2 Faculty of Electrical & Electronic Engineering Technology, University Malaysia Pahang Al-Sultan Abdullah, 26600 Pekan, Pahang, Malaysia.
3 Centre for Electronic Engineering, Faculty of Electrical Engineering, Universiti Teknologi MARA (UiTM), 40450 Shah Alam, Selangor, Malaysia.
* Corresponding author: idayuayob@iium.edu.my
This study aims to fabricate graphene films using biogas derived from oil palm empty fruit bunch (OPEFB) as carbon precursors using chemical vapor deposition (CVD) method under various conditions. The fabricated graphene films were deposited on copper substrates at different temperatures and gas compositions. Scanning Electron Microscopy (SEM), Raman Spectroscopy, and the I-V test were used to analyze and characterize the properties of the fabricated film.
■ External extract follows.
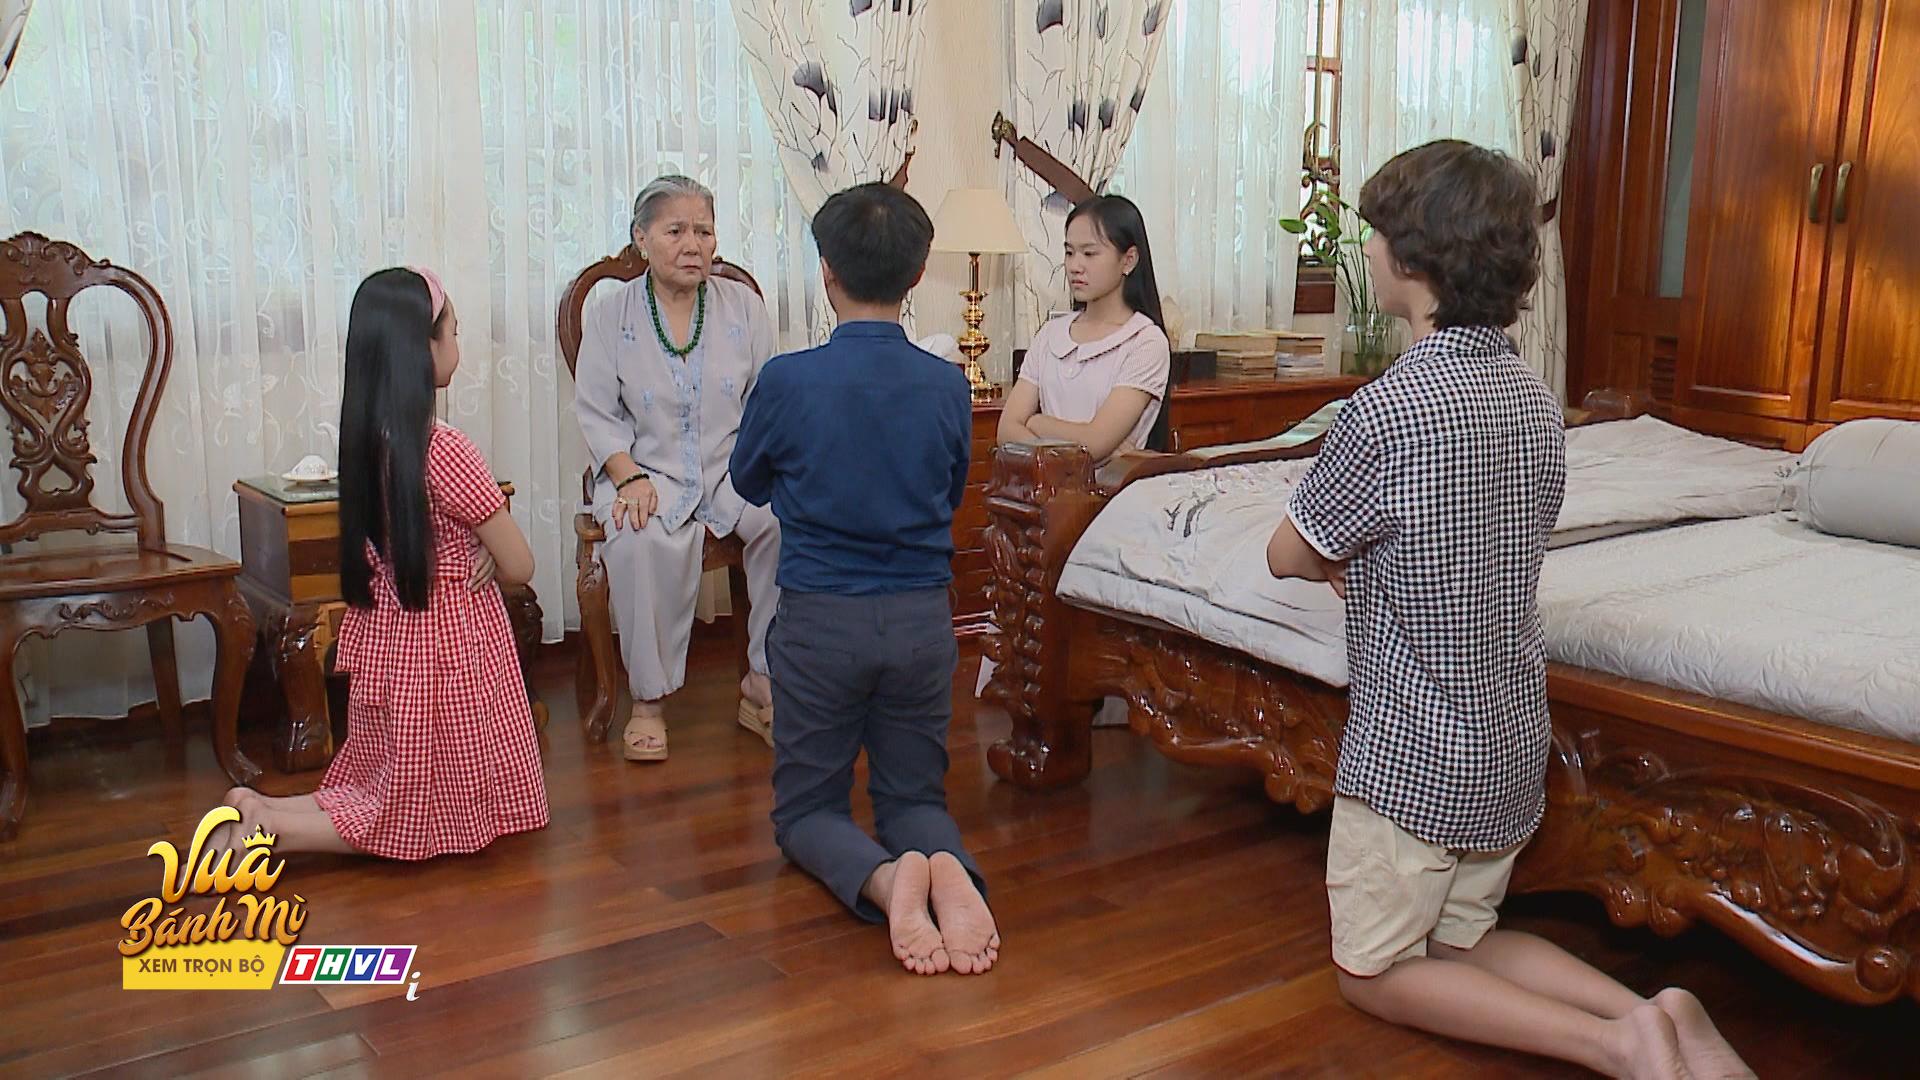 Phim-vua-banh-mi-Viet-Nam-tap-cuoi-ket-thuc-nhu-the-nao
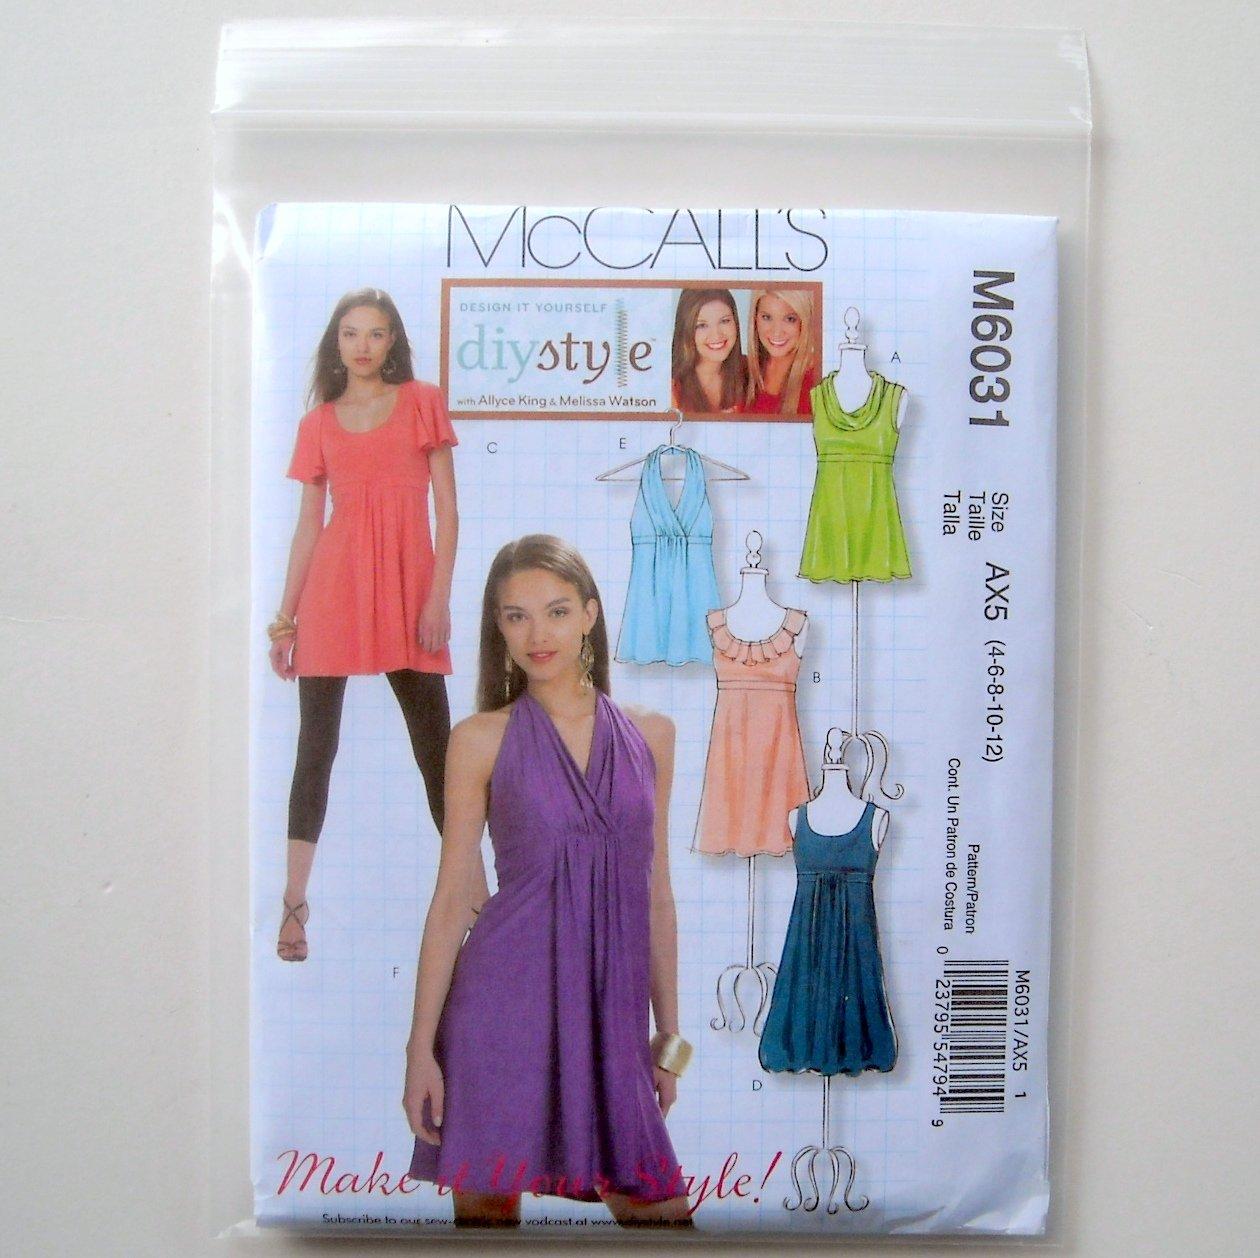 Misses Tops Tunics Dresses DIY Style McCalls Sewing Pattern M6031

From the characterization results, SEM images of films grown at 800°C (without additional H2 gas), and 900°C (without additional H2 gas) show a not so well-defined hexagonal domain shape with non-uniform morphology with variations in domain shape and orientation, while Raman spectra show it has only the D band and G band which are attributed to graphene oxide. On the other hand, at 900°C (with additional H2 gas), the SEM image shows more defined hexagonal domain shape and variations in domain shape and orientation, as well as the D, G and 2D band on the Raman spectra, which are like graphene with defects structure. Hence, it is concluded that graphene film was successfully produced at 900°C with additional H2 gas.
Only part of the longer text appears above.